Hi,
I have hundreds of word documents that i am trying to extract the text from in order to run analysis on the content. I have tried just using the MS word reader to open a .docx file but with not success so have seeked alternative workarounds to achieve this.
One of the common solutions I have come across is running a command for 7-Zip in the system caller to extract to word document into XML then load XML.
My issue is that, although the command runs fine when run directly in CMD, when run through the system caller it requires a response regarding duplicate files.

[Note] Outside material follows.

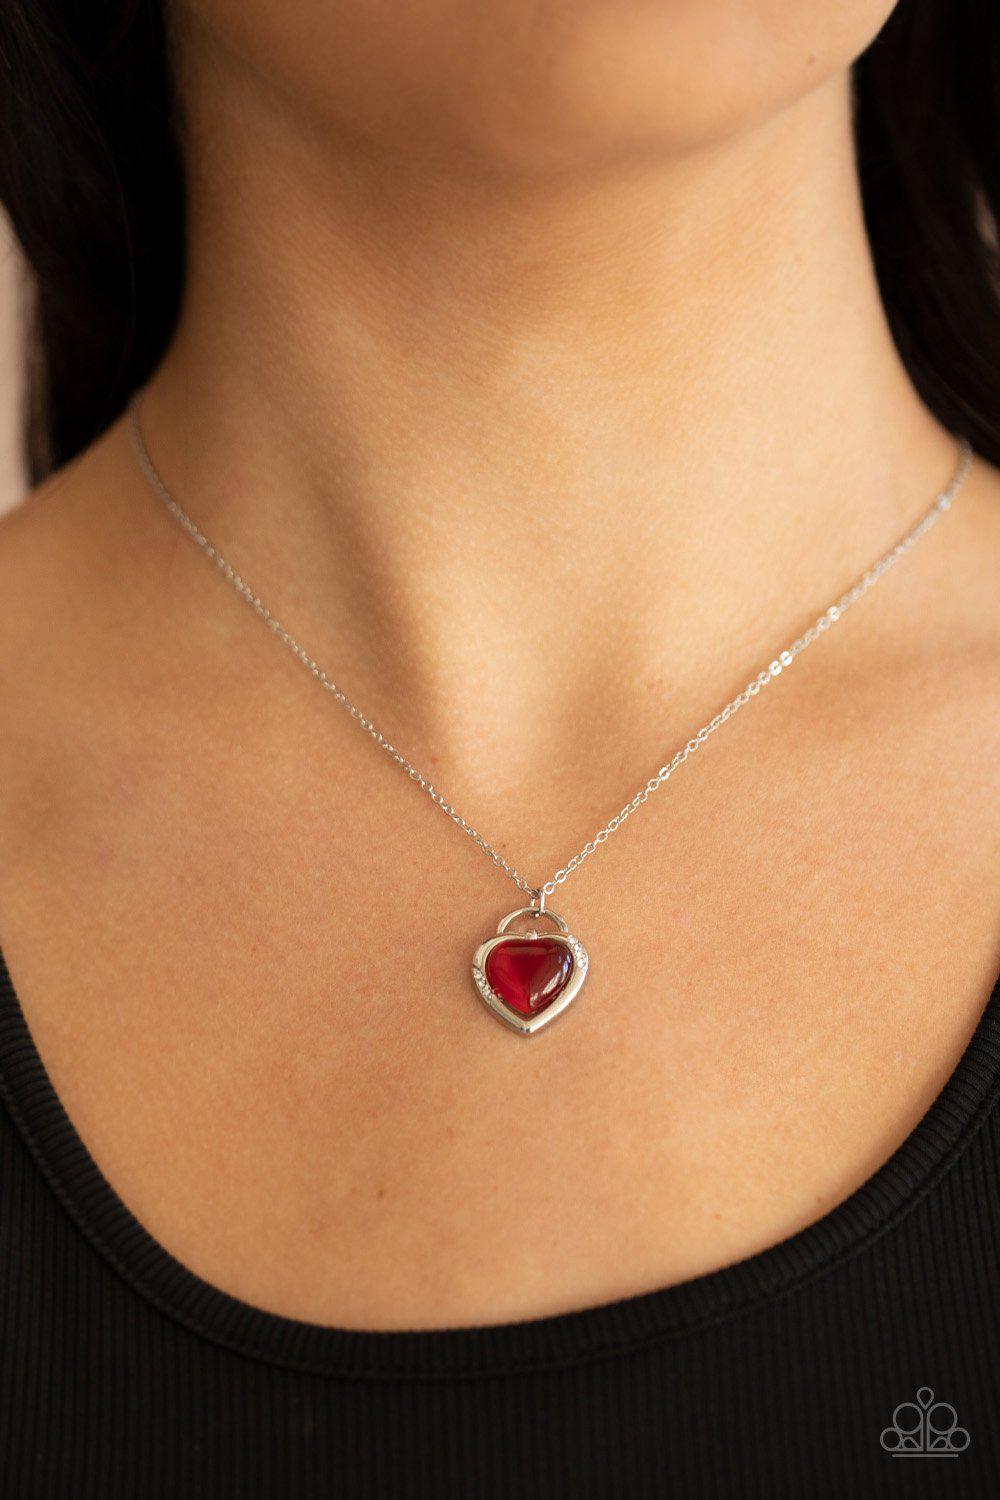 A Dream is a Wish Your Heart Makes Red Cat's Eye Stone Heart Necklace - Paparazzi Accessories - lightbox -CarasShop.com - $5 Jewelry by Cara Jewels

“Would you like to replace the existing file:
Path: .\[Content_Types].xml
Size: 3893 bytes (4 KiB)
Modified: 1980-01-01 00:00:00
with the file from archive:
Path: [Content_Types].xml
Size: 3893 bytes (4 KiB)
Modified: 1980-01-01 00:00:00
? (Y)es / (N)o / (A)lways / (S)kip all / A(u)to rename all / (Q)uit?“
As mentioned the command prompt works fine in CMD but not through system caller.
The Command used is ““(7-zip.exe file path)” x “(.docx file path)” -o”(output folder path)””
Both the ‘.docx file path’ and ‘output folder path’ are set with attributes. so no two docx should have the same output.
Any ideas what may be causing this and how I can resolve the issue.
Thanks for the help in advance.